Skillet Cheesy Chicken Pasta with Broccoli and Pancetta
Ingredients
1 tablespoon olive oil
4 strips Pancetta, chopped
2 chicken breasts, chopped into 1-inch pieces
Salt and pepper to taste
1 onion, finely chopped
4 cloves garlic, chopped
1/2 teaspoon Italian seasoning
1/4 teaspoon crushed red pepper flakes
8 ounces short pasta
1 2/3 cup chicken stock
2 3/4 cup water, divided
8 ounces broccoli florets, chopped into small pieces
1/2 cup evaporated milk
1 cup shredded sharp cheddar cheese
1/2 teaspoon salt
1/2 teaspoon black pepper
Directions
1. Add the olive oil to a Dutch oven and heat over medium heat.
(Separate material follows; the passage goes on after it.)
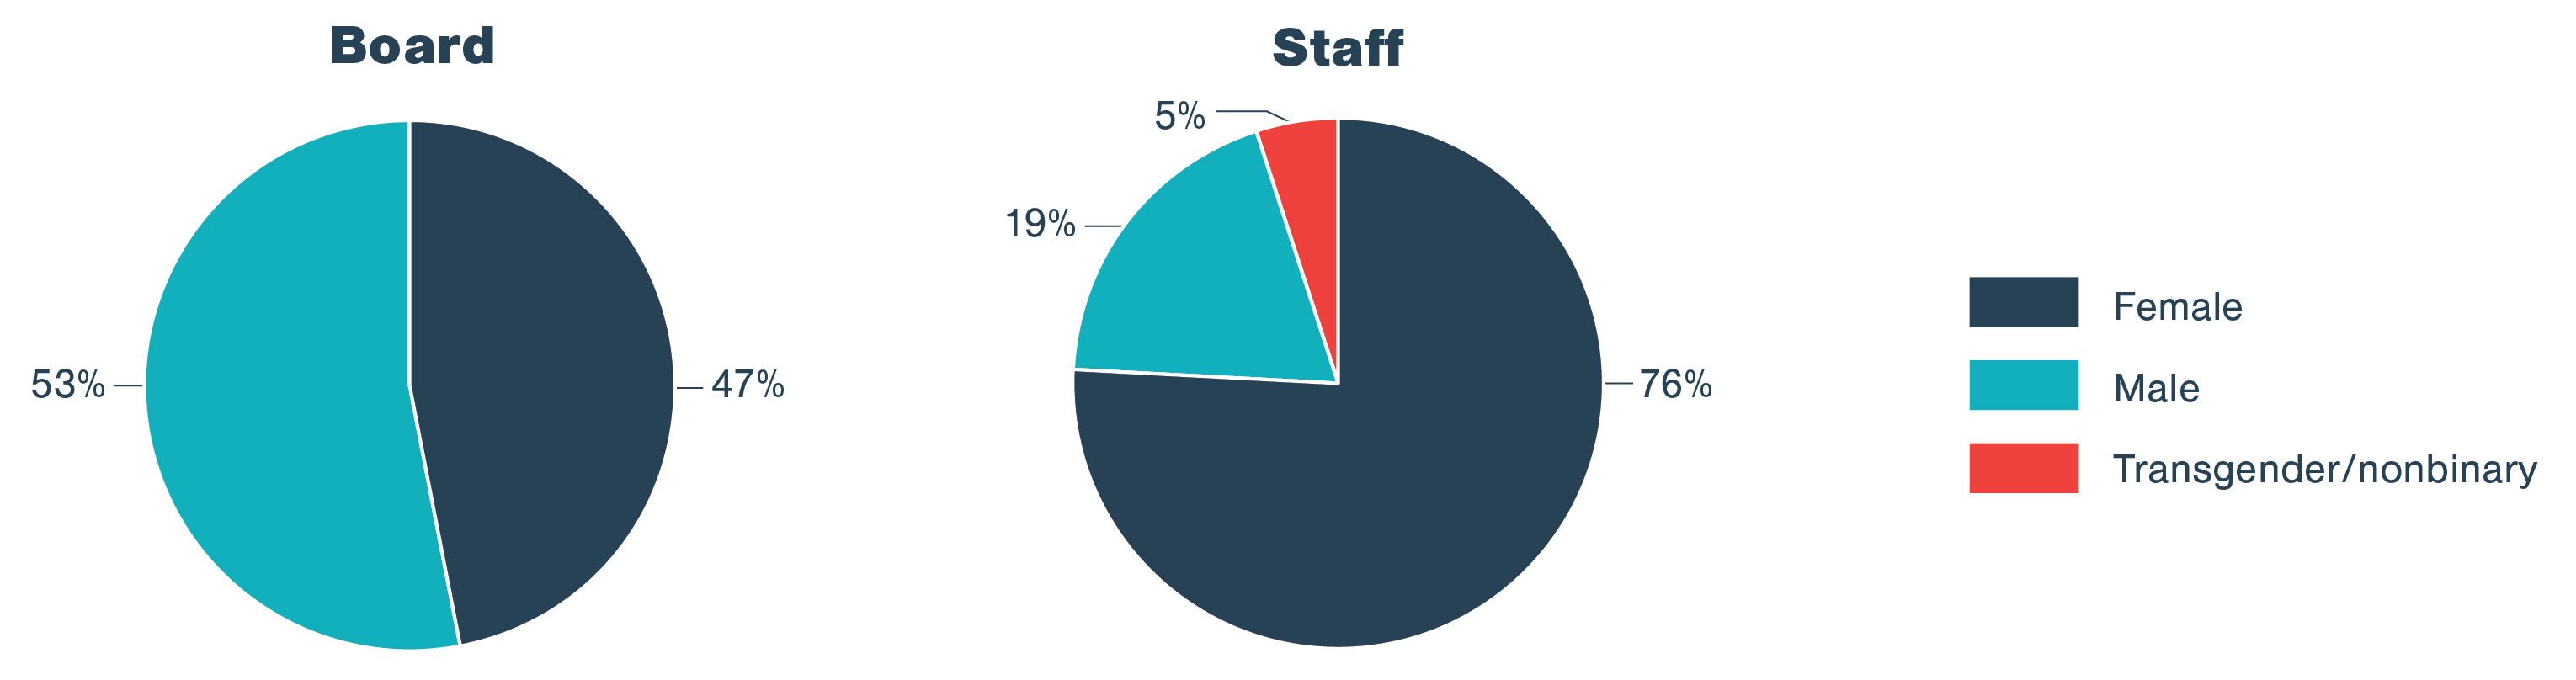 Board: 47% Female, 53% Male. Staff: 76% Female, 19% Male, 5% Transgender/nonbinary.

Add the Pancetta and cook, stirring frequently, until crisp. Remove from pot with a slotted spoon and let drain on paper towels.
2. Season the chicken with salt and pepper to taste and add to the pot. Cook until browned; remove from the pot and set aside.
3. Add the onion to the pot (add more oil if needed). Cook until onions are translucent, then add the garlic and cook and stir for 30 seconds. Sprinkle with Italian seasoning and red pepper flakes.
4. Add the chicken stock to the pot, along with 2 cups of the water. Add the pasta and bring to a boil. Cook for 12 to 15 minutes until most of the liquid is absorbed by the pasta.
5. Add the broccoli and the remaining 3/4 cup of water to the pot. Reduce heat and simmer for 5 minutes, or until the broccoli is tender.
6. Add the chicken, half of the reserved Pancetta, the evaporated milk, and the cheddar cheese. Increase the heat to medium high and stir until the cheese melts and the sauce thickens, 5 to 10 minutes.
7. Add 1/2 teaspoon each salt and pepper, and more as needed to taste. The sauce will continue to thicken as it stands. Sprinkle each serving with the remaining Pancetta.